Ticket prices are only $10, which INCLUDES a Prove Your Potential T-shirt. For those who already purchased a t-shirt, a donation of any amount will secure you a ticket! We will not be able to sell tickets at the door and cover prices paid at the door will not go towards our cause so please ensure you get in touch with us prior to the event to get your ticket.
Dress Code:- We are hoping to get as many people in a t-shirt as we can in ONE ROOM, so please wear your t-shirt that night. Doors will open at 9:30pm, and we invite guests to arrive by 10pm some mingling beforehand and to pick up or buy additional t-shirts!

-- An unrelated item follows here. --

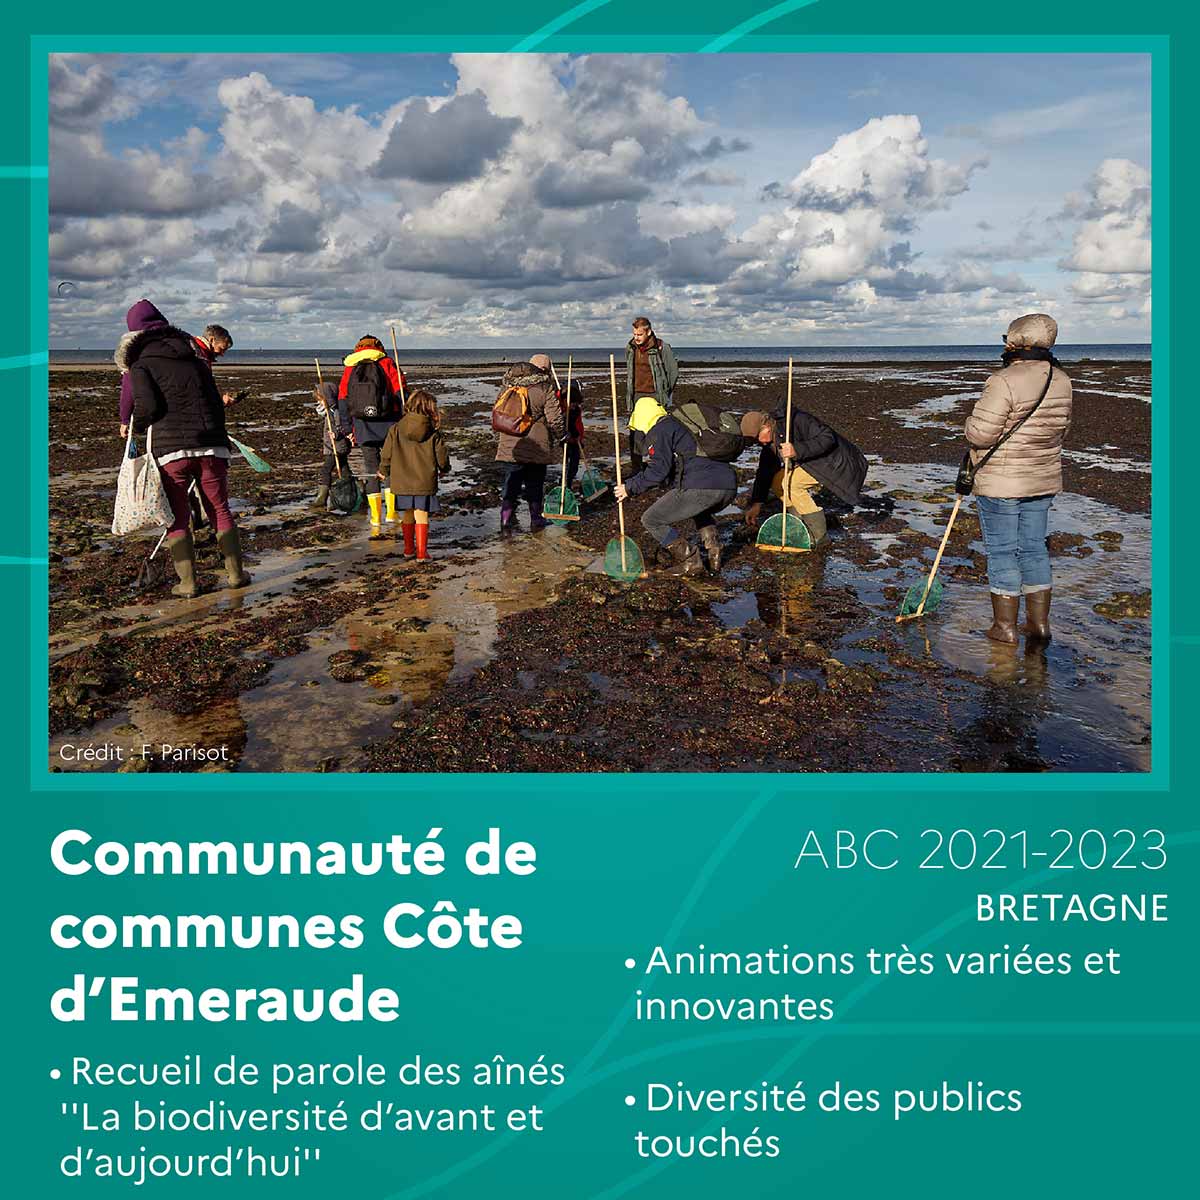 Communauté de communes Côte d’Emeraude (Bretagne)

CONTACT AN EXEC BEFORE TICKETS RUN OUT:Tony: gotonychen@gmail.com Joanna: joanna@proveyourpotential.ca
Thanks SO much for all your support so far, we can't wait to see you there!!!
Saturday, 24 April 2010
Prove Your Potential is featured in the Metro News!
Thursday, 15 April 2010
Smile! It's day two at the UBC Block Party
Wednesday, 14 April 2010
Check out one of the Prove your Potential booths!
Tuesday, 13 April 2010
The T-shirts are Here!!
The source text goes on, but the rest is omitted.